I’m not trying to rain on anyone’s parade and I hope just as fervently as anyone that we win in a huge landslide. But, I’m not seeing any reliable evidence of this so-called new CW that it’s “Kerry’s to lose.” It’s still tied.

Lame

Before everybody gets all upset that Kerry condemned the MoveOn ad, think about it for a minute.

Personally, I think it’s too late for this ad — the story was already losing its momentum in the mainstream media. Editorials called Bush out. Even O’Reilly was condemning the swiftboaters. The timing is off.

Mostly, I agree with Chris Bowers at MYDD that the ad itself sucks (particularly in comparison with the SBVT ad.) I think they could have alluded to the Bush guard stuff with visuals and saved the righteously indignant VO to address the swiftboat smear.
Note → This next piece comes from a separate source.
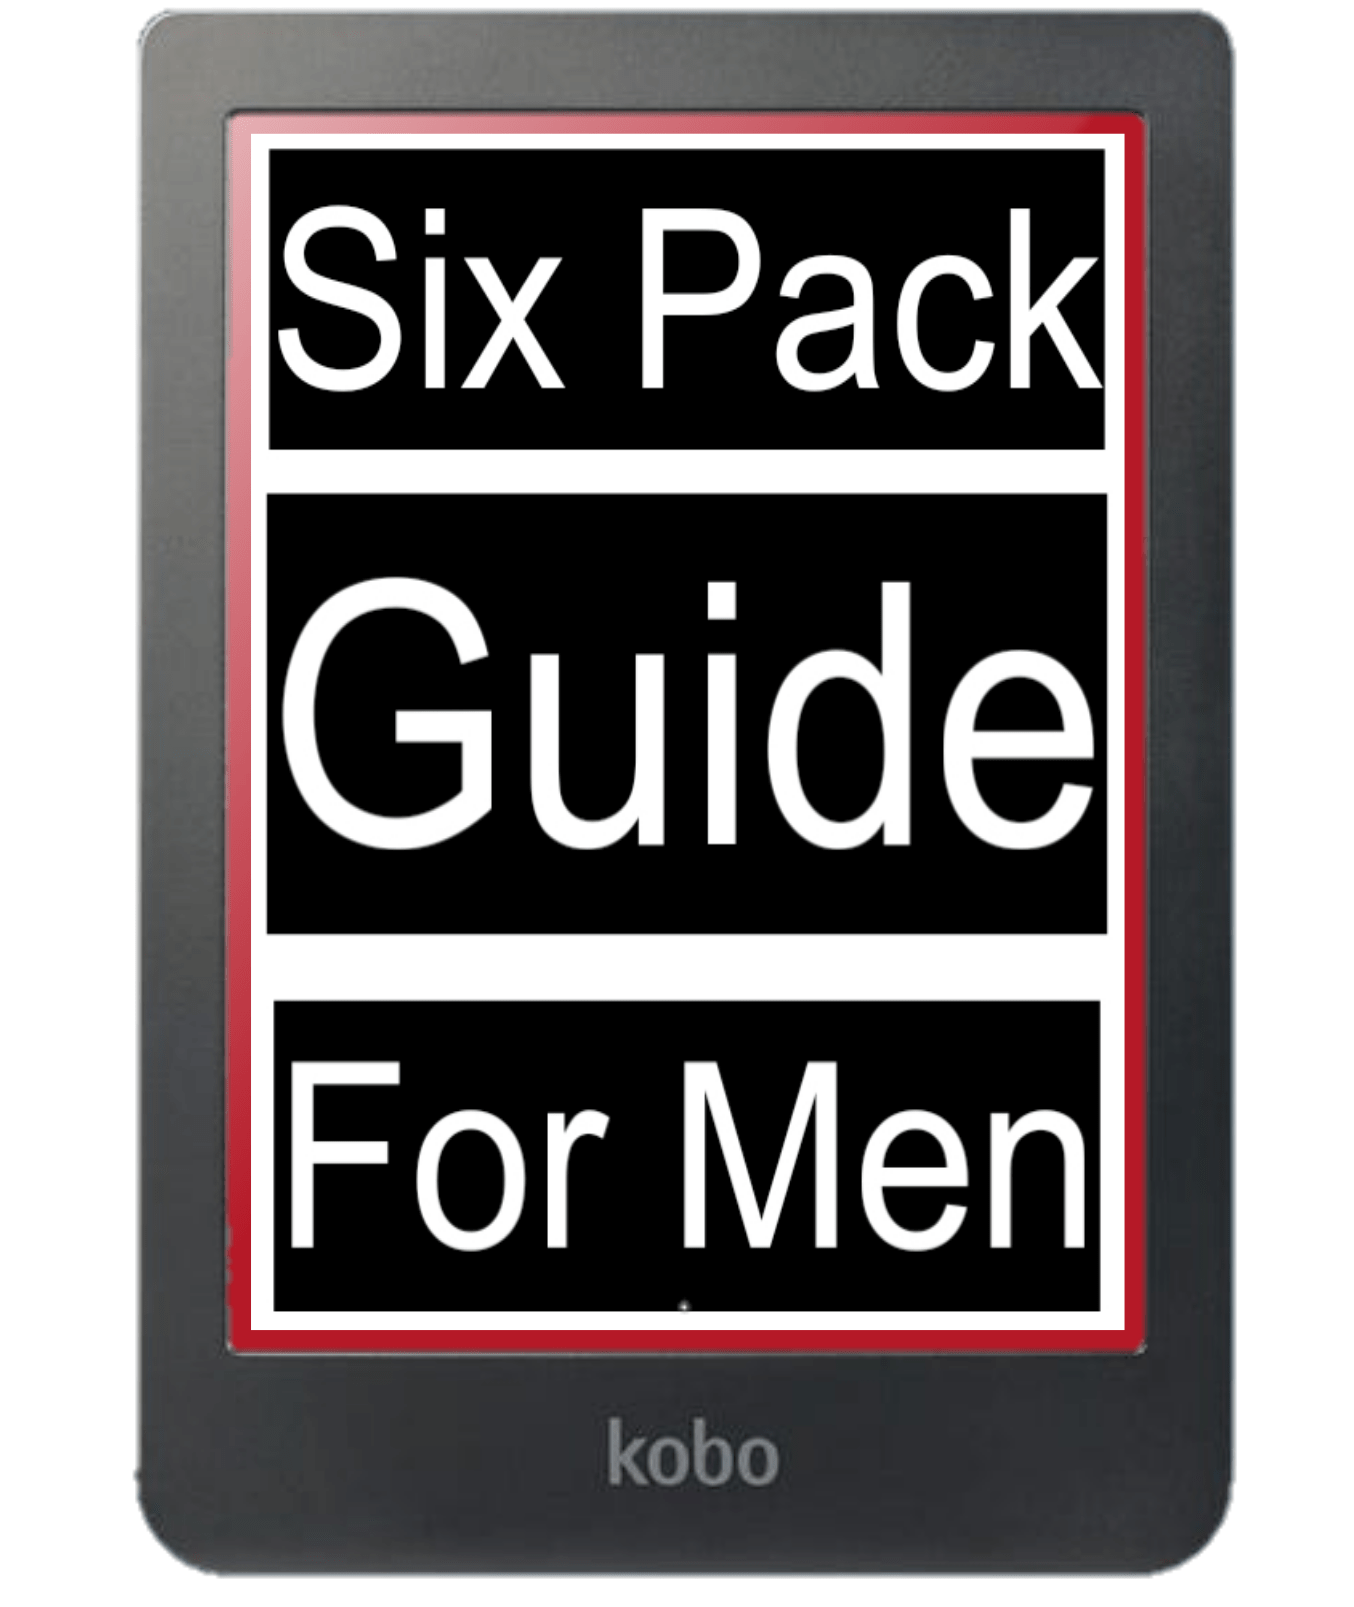 Six Pack Guide For Men

A little subtlety is called for if you are taking a position from the high road while you are sticking a shiv in someone’s belly.

But, it’s done and since our side demanded that Bush condemn his ad, Kerry has little choice now but to stand with McCain and condemn the MoveOn ad and and try to make Junior look bad by comparison. Kerry refused to distance himself from Admiral Turner and General Clark who are out there as attack dogs every day on the issue, (and explicitly bringing up the Guard) so he’s not making the subject off limits.

Bush may end up looking slimy for being the only one who refuses to explicitly condemn these ads, and maybe just getting the Guard thing out there again in contrast to Kerry’s record is what they are really after. If the ad had been a little bit more clever, that might have worked better. I think the best that can be hoped is that the whole subject looks so muddy now with flying charges and counter charges that people discount the whole thing as politics, no harm no foul to either side.

I honestly think the way to attack back would have been to let the swiftless do their thing and then brutally call into question Bush’s behavior on 9/11. You want to go nuclear on these guys, that’s the way to do it. My Pet Goat, baby. That’s the soft white underbelly.